Profil dan Jejak Karier Dony Oskaria
Sebelum menjadi Kepada BP BUMN, Dony Oskaria menjabat sebagai Pelaksana Tugas (Plt) Menteri BUMN menggantikan Erick Thohir. Sebelum itu, Dony memangku jabatan sebagai Wakil Menteri BUMN dalam Kabinet Merah Putih Prabowo-Gibran berdasarkan Keputusan Presiden Republik Indonesia 73/M Tahun 2024 tentang Pengangkatan Wakil Menteri Negara Kabinet Merah Putih Periode Tahun 2024-2029.
Dia berbagi tugas dengan Kartika Wirjoatmodjo dan Aminuddin Ma’ruf untuk mendampingi Erick Thohir saat masih menjabat Menteri BUMN. Selain itu, Dony juga tercatat sebagai Chief Operating Officer Daya Anagata Nusantara atau Danantara Indonesia.
Dony Oskaria lahir di Tanjung Alam, Kabupaten Tanah Datar, Sumatera Barat, pada 26 September 1969. Ia menempuh pendidikan dasar di kampung halamannya, kemudian melanjutkan pendidikan menengah di Padang dan Jakarta.
Awalnya, Dony kuliah di Jurusan Akuntansi Universitas Andalas, namun merasa tidak cocok dengan bidang tersebut. Ia kemudian pindah ke Jurusan Hubungan Internasional Universitas Padjadjaran, Bandung, dan lulus pada 1994.
Setelah itu, ia meraih gelar Master of Business Administration (MBA) dari The Asian Institute of Management, Filipina, pada 2009. Karier profesional Dony dimulai di sektor perbankan sebagai petugas call center Bank Universal.
Berkat kinerjanya, ia menanjak hingga menjadi kepala divisi personal banker. Pada 2004, ia bergabung dengan Bank Mega, lalu dipercaya menempati berbagai posisi strategis di CT Corp, salah satu konglomerasi besar di Indonesia.
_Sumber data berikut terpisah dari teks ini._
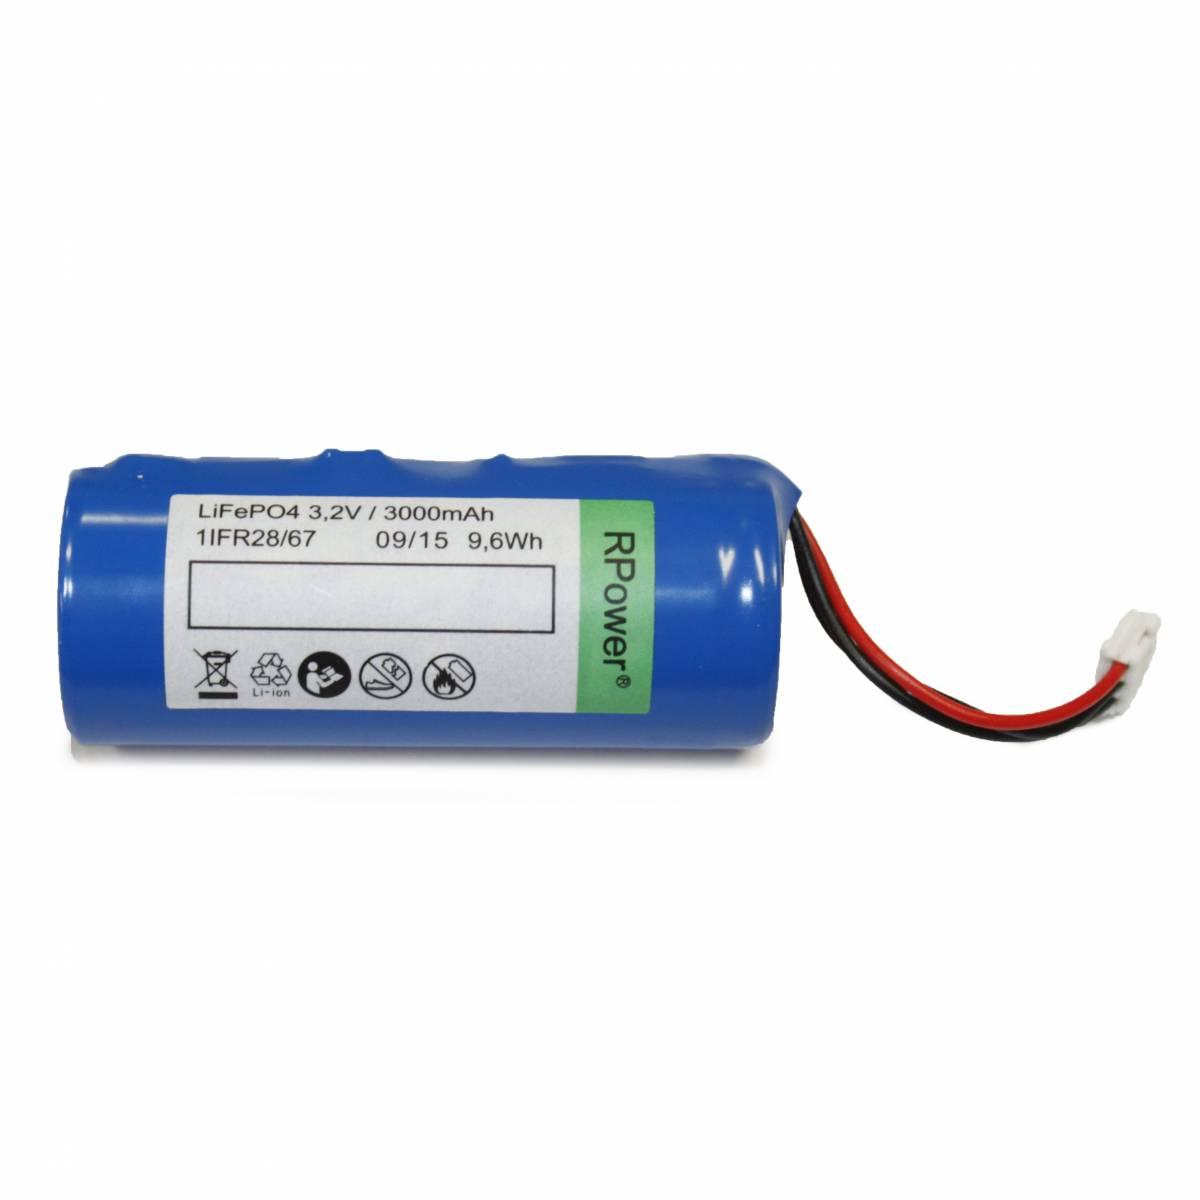 Accu 3,2V 3,0Ah LiFePO4 for LED luminaire KM,KSC,KMB,ASM,ZAW

Selama di CT Corp, Dony sempat menjabat sebagai CEO di sejumlah anak perusahaan yang bergerak di bidang perhotelan, hiburan, dan pariwisata. Keterlibatannya dalam investasi CT Corp di Garuda Indonesia mengantarkannya menjadi Wakil Direktur Utama dan kemudian anggota Dewan Komisaris Garuda Indonesia pada 2014–2019.
Selain berkarier di sektor korporasi, Dony juga aktif dalam pengembangan industri pariwisata nasional. Pada Januari 2016, ia ditunjuk Presiden Joko Widodo sebagai anggota Dewan Penasihat Bidang Ekonomi dan Industri di Komite Ekonomi dan Industri Nasional (KEIN), dengan fokus pada sektor pariwisata.
Bersama Muhammad Lutfi, Dony mengembangkan sejumlah proyek hotel, restoran, dan resor di Jakarta serta Padang, serta turut mendorong pengembangan agroindustri di Sumatera Barat. Pada 2021, Dony diangkat sebagai Direktur Utama PT Aviasi Pariwisata Indonesia (InJourney), holding BUMN sektor aviasi dan pariwisata.
Di bawah kepemimpinannya, InJourney berfokus pada integrasi dan sinergi bisnis antara sektor penerbangan dan pariwisata untuk memperkuat daya saing Indonesia di kancah global. Sebelum bergabung kembali ke pemerintahan melalui Kementerian BUMN, Dony menjabat sebagai Direktur Utama InJourney periode 2021–2024, kemudian menjadi Wakil Menteri BUMN sejak Oktober 2024.